As assessment theory and practice have evolved in the last 15 years, assessment designers and psychometricians have developed measurement models and practices that help us illuminate examinee processing of test items and other assessment activities. These developments include cognitive-diagnostic modeling (e.g., Rupp, Templin, & Henson, 2010), models of examinee thinking (e.g., Leighton & Gierl, 2007), and principled approaches to assessment design, development, and implementation (e.g., Ferrara, Lai, Reilly, & Nichols, 2016). The common goal of illuminating examinee thinking is enhance test score interpretation by uncovering why examinees responded successfully or unsuccessfully to items on an assessment in addition to whether they responded successfully. Test item development is as much art as it is science—maybe a “dark art,” as John Bormuth (1970) called it long ago. Principled approaches to design, development, and implementation shed light on examinee thinking and bring more science into the art of test item development. How so?
The most widely known principled approaches—Evidence-Centered Design, Cognitive Design Systems, Assessment Engineering, the BEAR Assessment System, and Principled Design for Efficacy—share common, foundational elements. These elements focus sharply on examinee thinking, with the goal of enhancing the validity of inferences we make from test scores about what examinees know and can do as well as their degree of achievement and competence. Table 1 from our chapter, Principled Approaches to Assessment Design, Development, and Implementation: Cognition in Score Interpretation and Use, makes the common elements plain.
Foundation and Organizing Elements of Principled Approaches to Assessment Design, Development, and Implementation and their Relationship to the Assessment Triangle
|Framework Elements||Assessment Triangle Alignment|
|Ongoing accumulation of evidence to support validity arguments||Overall evidentiary reasoning goal|
|Clearly defined assessment targets||Cognition|
|Statement of intended score interpretations and uses||Cognition|
|Model of cognition, learning, or performance||Cognition|
|Aligned measurement models and reporting scales||Interpretation|
|Manipulation of assessment activities to align with assessment targets and intended score interpretations and uses||Observation|
From Ferrara et al. (2016). Used with permission.
The dual focus on cognition and gathering evidence to support intended score interpretations and uses enables assessment designers to illuminate examinee thinking. For example, specifying a model of cognition, learning, or performance helps guide design and development of assessment activities and ensures that assessment activities are aligned with the model of thinking and measurement models that undergird a test’s score reporting scale.
Test development organizations are implementing these principles into standard practice, probably incrementally rather than by tearing down current practices and retooling to implement new ones. Some tools of principled approaches—for example, task models and templates—may be in wide use as a way of providing more detailed item specifications than in the past. My co-authors and I have provided a framework for integrating principled practices into existing practices. We describe the framework, Principled Design for Efficacy (PDE), in our chapter. PDE is not intended as a competitor or replacement for more widely known models like ECD. Rather, we offer it as a framework to make incremental insertions into current practices, rather than tearing down and rebuilding. Figure 3 illustrates how assessment designers and program managers can build principled practices into existing ones.
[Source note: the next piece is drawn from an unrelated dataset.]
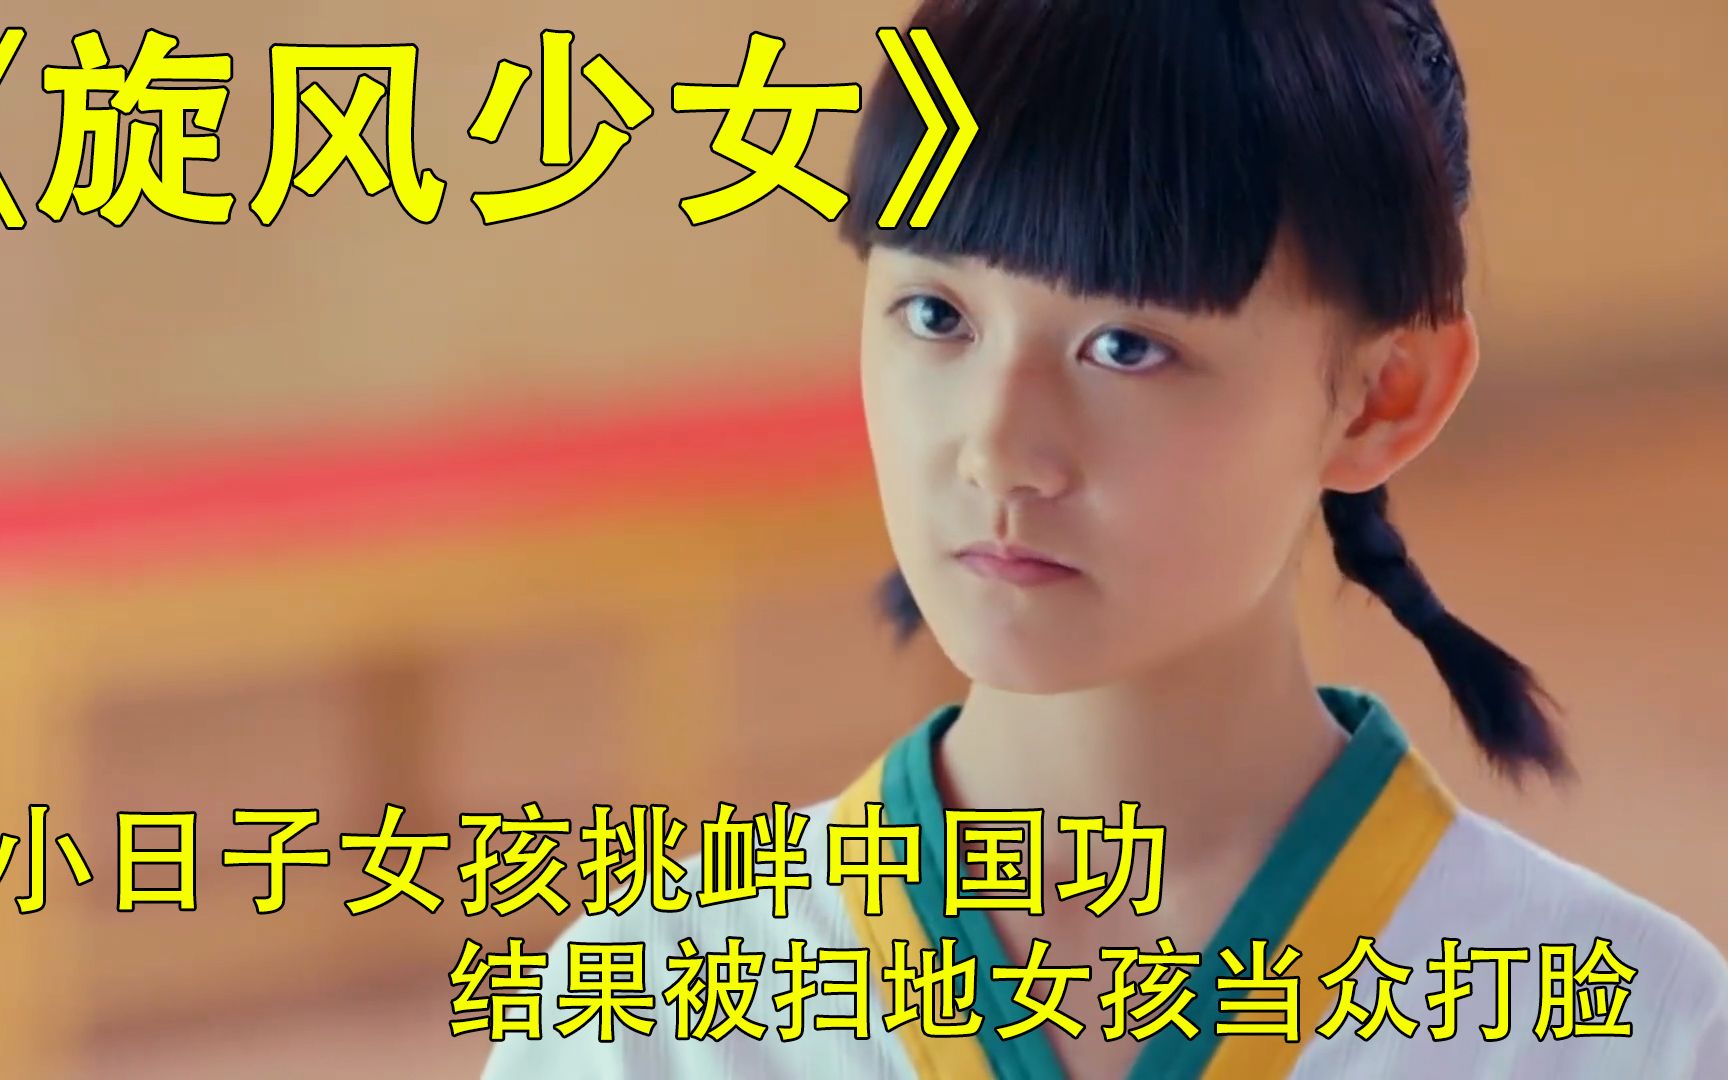 日本女孩挑衅中国功夫，结果被扫地女孩当众打脸

Figure 3. Conventional processes (white boxes) and processes based on principled approaches (foundational elements are numbered in the three grey boxes with grey background) for assessment design, development, and implementation showing overlap and differences. From Ferrara et al. (2016). Used with permission.
There is general agreement in the testing field that illuminating examinee cognition improves assessment design and development, the quality of assessments and the information about examinees that they provide, and enhances evidence for validity arguments to support intended score interpretations and uses. The Handbook on Cognition and Assessment shows us how to get there.
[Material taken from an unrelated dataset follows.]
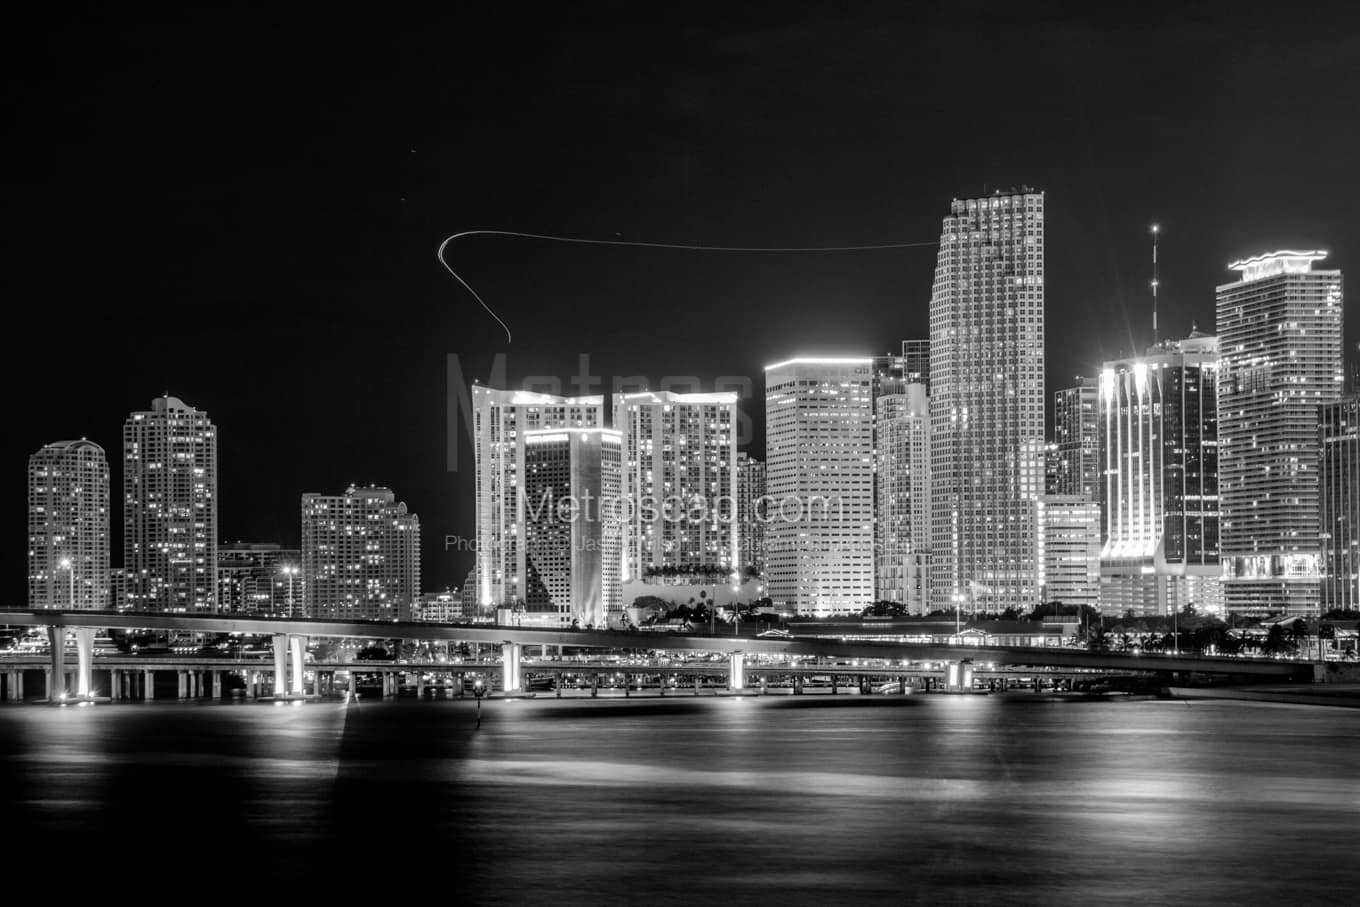 Black & White Miami Architecture Pictures

Bormuth, J. R. (1970). On the theory of achievement test items. Chicago: The University of Chicago Press.
Ferrara, S., Lai, E., Reilly, A., & Nichols. (2016). Principled approaches to assessment design, development, and implementation: Cognition in score interpretation and use. In A. A. Rupp and J. P. Leighton (Eds.), The Handbook on cognition and assessment: Frameworks, methodologies, & applications (pp. 41-74). Malden, MA: Wiley.
Leighton, J. P., & Gierl, M. J. (2007). Defining and evaluating models of cognition used in educational measurement to make inferences about examinees’ thinking processes. Educational Measurement: Issues and Practice, 26(2) 3-16.
Rupp, A. A., Templin, J., & Henson, R. A. (2010). Diagnostic measurement: theory, methods, and applications. New York: Guilford Press.